Un’altra misura suggerita è la creazione di un portafoglio “esca” contenente somme modeste da consegnare in caso di minaccia, oltre a una condotta prudente: evitare di rendere pubbliche informazioni sul possesso di criptovalute e mantenere un profilo basso sui canali social.

Esiste inoltre una banca dati pubblica, aggiornata da osservatori e ricercatori, che elenca gli attacchi noti e fornisce elementi utili per monitorare l’evoluzione del fenomeno a livello europeo.

Azione giudiziaria e dinamiche criminali

Secondo quanto riportato dall’autorità giudiziaria competente, sono state avviate indagini che hanno portato all’arresto di numerose persone coinvolte in questi reati. Vanessa Perrée, procuratore nazionale per il crimine organizzato, ha dichiarato: “Almeno 88 individui sono stati arrestati in relazione agli attacchi con modalità ‘wrench’ contro possessori di criptovalute.”

Le indagini evidenziano come le reti criminali sfruttino flussi transnazionali e meccanismi di reclutamento locale per eseguire operazioni rapide e violente, spesso finalizzate a convertire rapidamente le valute digitali in contanti o in beni più difficili da tracciare.

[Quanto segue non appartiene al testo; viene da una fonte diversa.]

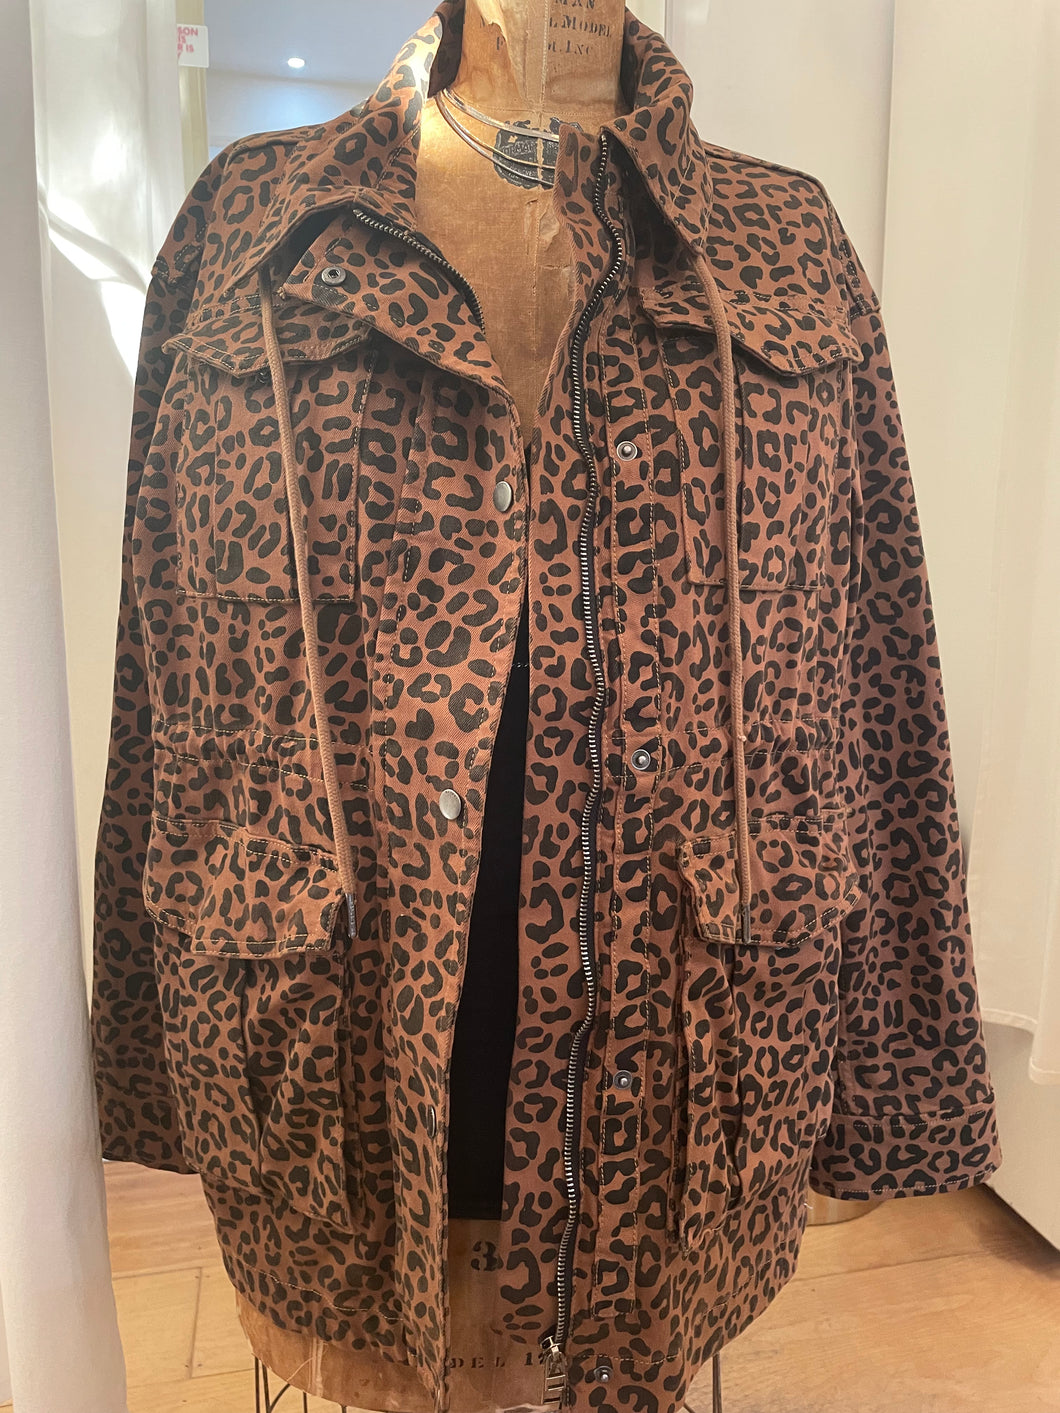 DL 1961 cheetah print jacket

Implicazioni economiche e per gli investitori

La concentrazione di attacchi in Francia e i casi registrati in Europa rappresentano un fattore di rischio operativo che può influenzare la percezione di sicurezza degli investitori istituzionali e retail. L’aumento della criminalità fisica legata alle criptovalute può determinare una maggiore volatilità dei prezzi, costi assicurativi più elevati e una ridotta propensione all’adozione diffusa della tecnologia in contesti privati e professionali.

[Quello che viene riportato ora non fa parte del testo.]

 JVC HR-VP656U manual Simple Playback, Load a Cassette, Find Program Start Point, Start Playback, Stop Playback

Per le imprese italiane che offrono servizi correlati a asset digitali, il fenomeno sottolinea l’urgenza di investire in misure di protezione dei dati, protocolli di risposta alle emergenze e formazione dei clienti su pratiche di custodia sicura.

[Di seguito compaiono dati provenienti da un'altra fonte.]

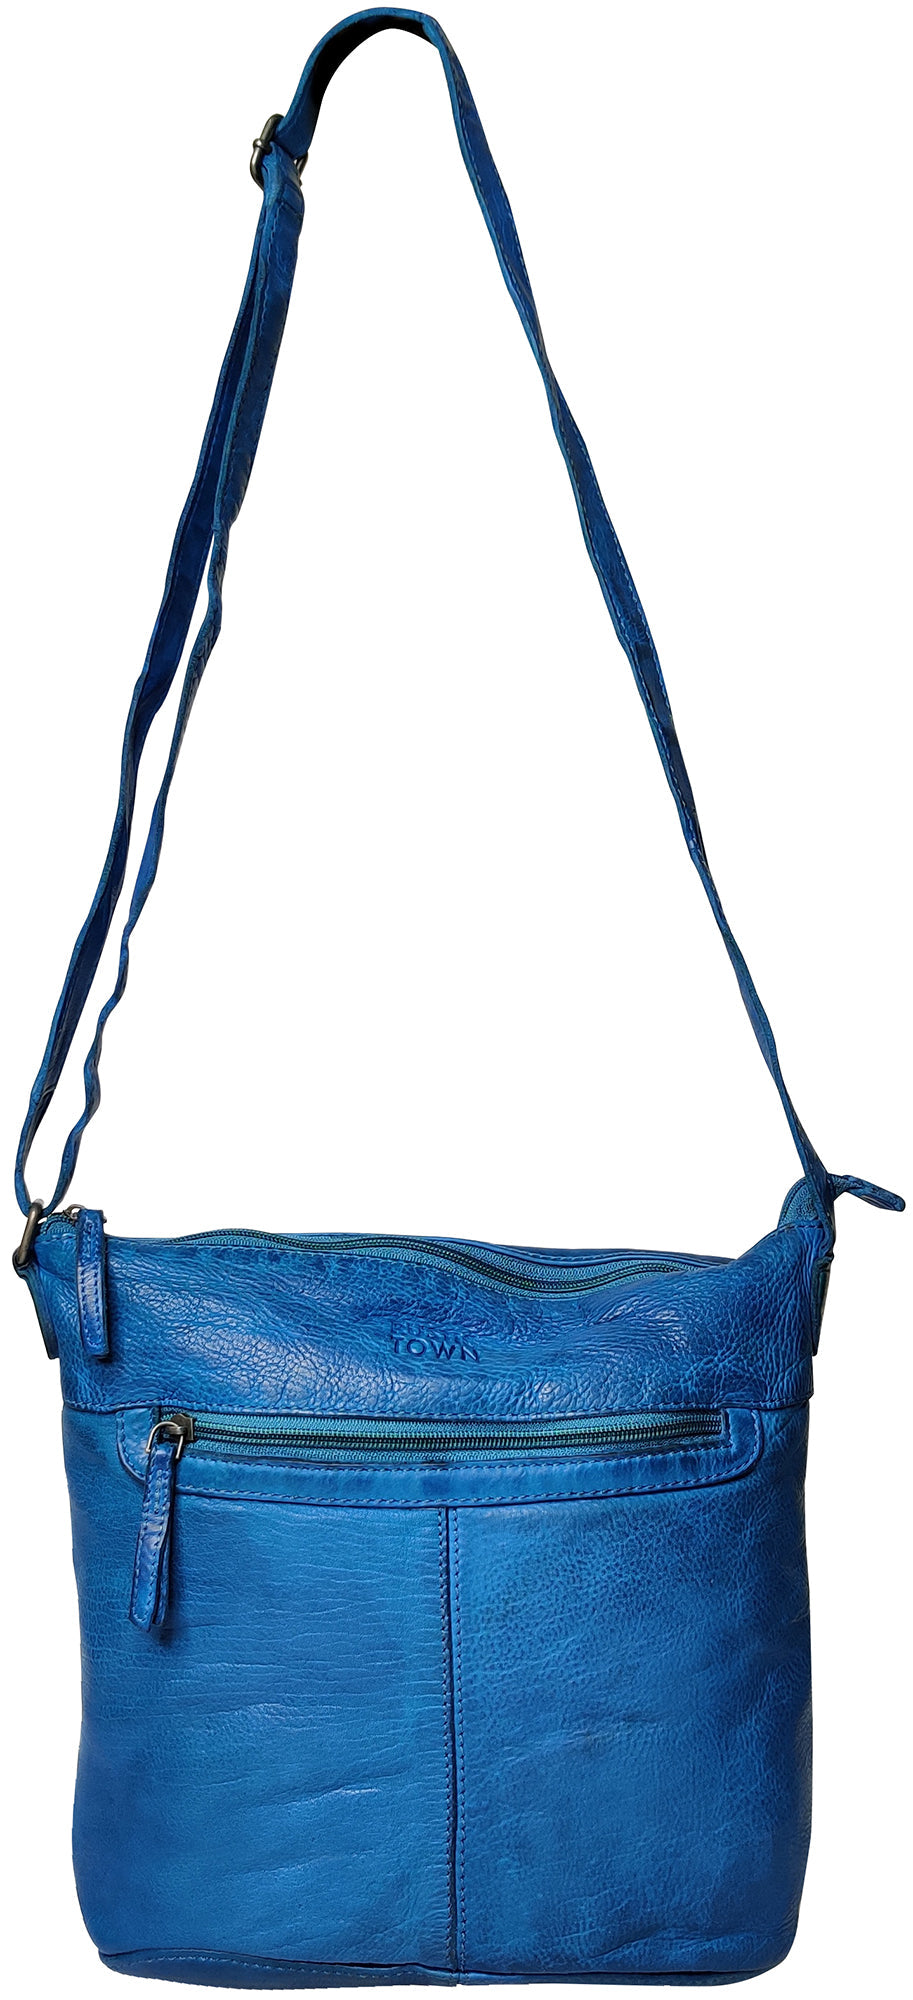 Leather Sling Bag for Women, Petrol Blue

Prospettive e possibili sviluppi normativi

In prospettiva, il bilanciamento tra lotta al riciclaggio e tutela della privacy sarà centrale nelle future revisioni regolamentari. Autorità nazionali ed europee potrebbero valutare soluzioni tecniche per decentralizzare o minimizzare l’esposizione dei dati personali necessari per la compliance, oltre a rafforzare strumenti di cooperazione internazionale per contrastare le reti criminali che operano oltre confine.

In sintesi

  • L’elevata concentrazione di attacchi fisici in Francia mette in luce un rischio operativo che potrebbe aumentare i costi di due diligence e assicurazione per operatori e investitori italiani nel settore crypto.
  • Le fughe di dati KYC sollevano la necessità di soluzioni tecniche e regolamentari che riducano la centralizzazione delle informazioni personali, con potenziali opportunità per servizi che offrano privacy-preserving compliance.
  • Per gli investitori, il fenomeno suggerisce di privilegiare servizi di custodia con piani di emergenza verificabili e strumenti di asset protection che riducano la superficie di attacco fisica e digitale.
  • Una maggiore cooperazione giudiziaria transnazionale e misure preventive più robuste potrebbero contenere il rischio sistemico, favorendo un ambiente più stabile per l’adozione istituzionale delle criptovalute in Europa e in Italia.